§ Work to be completed
The full set of records must be printed exactly as given.

Stored dataset items
● ● ●
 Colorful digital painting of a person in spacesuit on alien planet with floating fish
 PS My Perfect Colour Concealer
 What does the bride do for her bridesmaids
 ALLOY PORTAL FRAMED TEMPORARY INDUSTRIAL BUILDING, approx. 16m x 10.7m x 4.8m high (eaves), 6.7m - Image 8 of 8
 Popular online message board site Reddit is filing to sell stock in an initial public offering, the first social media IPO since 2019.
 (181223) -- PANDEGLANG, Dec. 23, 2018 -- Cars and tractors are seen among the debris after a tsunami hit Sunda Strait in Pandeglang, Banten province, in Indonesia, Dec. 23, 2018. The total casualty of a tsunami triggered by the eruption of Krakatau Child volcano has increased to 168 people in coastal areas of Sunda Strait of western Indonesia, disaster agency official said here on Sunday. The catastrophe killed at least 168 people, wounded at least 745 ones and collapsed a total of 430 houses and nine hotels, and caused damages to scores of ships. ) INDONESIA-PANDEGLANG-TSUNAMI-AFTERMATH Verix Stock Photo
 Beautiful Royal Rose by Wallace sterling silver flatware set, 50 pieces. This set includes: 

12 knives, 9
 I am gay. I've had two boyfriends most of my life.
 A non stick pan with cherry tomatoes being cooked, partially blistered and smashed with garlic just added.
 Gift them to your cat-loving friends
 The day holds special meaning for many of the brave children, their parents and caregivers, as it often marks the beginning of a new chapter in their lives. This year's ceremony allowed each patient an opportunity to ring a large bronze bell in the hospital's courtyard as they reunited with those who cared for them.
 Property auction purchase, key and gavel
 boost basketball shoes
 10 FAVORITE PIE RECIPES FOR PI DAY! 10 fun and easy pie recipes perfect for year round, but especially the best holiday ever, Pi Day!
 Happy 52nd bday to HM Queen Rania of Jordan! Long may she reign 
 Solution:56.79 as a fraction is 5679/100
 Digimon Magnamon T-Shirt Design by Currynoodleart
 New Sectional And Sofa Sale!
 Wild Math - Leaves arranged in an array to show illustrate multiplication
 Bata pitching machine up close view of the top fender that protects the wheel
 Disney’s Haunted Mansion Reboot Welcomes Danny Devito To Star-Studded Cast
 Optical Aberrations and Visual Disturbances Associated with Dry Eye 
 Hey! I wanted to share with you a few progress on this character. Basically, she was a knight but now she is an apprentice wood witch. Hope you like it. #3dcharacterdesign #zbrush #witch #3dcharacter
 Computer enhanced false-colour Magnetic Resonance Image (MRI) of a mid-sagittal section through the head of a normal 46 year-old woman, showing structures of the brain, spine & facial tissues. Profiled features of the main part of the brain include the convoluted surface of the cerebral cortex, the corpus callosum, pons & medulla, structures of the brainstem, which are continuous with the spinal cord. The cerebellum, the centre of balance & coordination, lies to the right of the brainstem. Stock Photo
● ● ●
§ Exercise answer
 Colorful digital painting of a person in spacesuit on alien planet with floating fish
 PS My Perfect Colour Concealer
 What does the bride do for her bridesmaids
 ALLOY PORTAL FRAMED TEMPORARY INDUSTRIAL BUILDING, approx. 16m x 10.7m x 4.8m high (eaves), 6.7m - Image 8 of 8
 Popular online message board site Reddit is filing to sell stock in an initial public offering, the first social media IPO since 2019.
 (181223) -- PANDEGLANG, Dec. 23, 2018 -- Cars and tractors are seen among the debris after a tsunami hit Sunda Strait in Pandeglang, Banten province, in Indonesia, Dec. 23, 2018. The total casualty of a tsunami triggered by the eruption of Krakatau Child volcano has increased to 168 people in coastal areas of Sunda Strait of western Indonesia, disaster agency official said here on Sunday. The catastrophe killed at least 168 people, wounded at least 745 ones and collapsed a total of 430 houses and nine hotels, and caused damages to scores of ships. ) INDONESIA-PANDEGLANG-TSUNAMI-AFTERMATH Verix Stock Photo
 Beautiful Royal Rose by Wallace sterling silver flatware set, 50 pieces. This set includes: 

12 knives, 9
 I am gay. I've had two boyfriends most of my life.
 A non stick pan with cherry tomatoes being cooked, partially blistered and smashed with garlic just added.
 Gift them to your cat-loving friends
 The day holds special meaning for many of the brave children, their parents and caregivers, as it often marks the beginning of a new chapter in their lives. This year's ceremony allowed each patient an opportunity to ring a large bronze bell in the hospital's courtyard as they reunited with those who cared for them.
 Property auction purchase, key and gavel
 boost basketball shoes
 10 FAVORITE PIE RECIPES FOR PI DAY! 10 fun and easy pie recipes perfect for year round, but especially the best holiday ever, Pi Day!
 Happy 52nd bday to HM Queen Rania of Jordan! Long may she reign 
 Solution:56.79 as a fraction is 5679/100
 Digimon Magnamon T-Shirt Design by Currynoodleart
 New Sectional And Sofa Sale!
 Wild Math - Leaves arranged in an array to show illustrate multiplication
 Bata pitching machine up close view of the top fender that protects the wheel
 Disney’s Haunted Mansion Reboot Welcomes Danny Devito To Star-Studded Cast
 Optical Aberrations and Visual Disturbances Associated with Dry Eye 
 Hey! I wanted to share with you a few progress on this character. Basically, she was a knight but now she is an apprentice wood witch. Hope you like it. #3dcharacterdesign #zbrush #witch #3dcharacter
 Computer enhanced false-colour Magnetic Resonance Image (MRI) of a mid-sagittal section through the head of a normal 46 year-old woman, showing structures of the brain, spine & facial tissues. Profiled features of the main part of the brain include the convoluted surface of the cerebral cortex, the corpus callosum, pons & medulla, structures of the brainstem, which are continuous with the spinal cord. The cerebellum, the centre of balance & coordination, lies to the right of the brainstem. Stock Photo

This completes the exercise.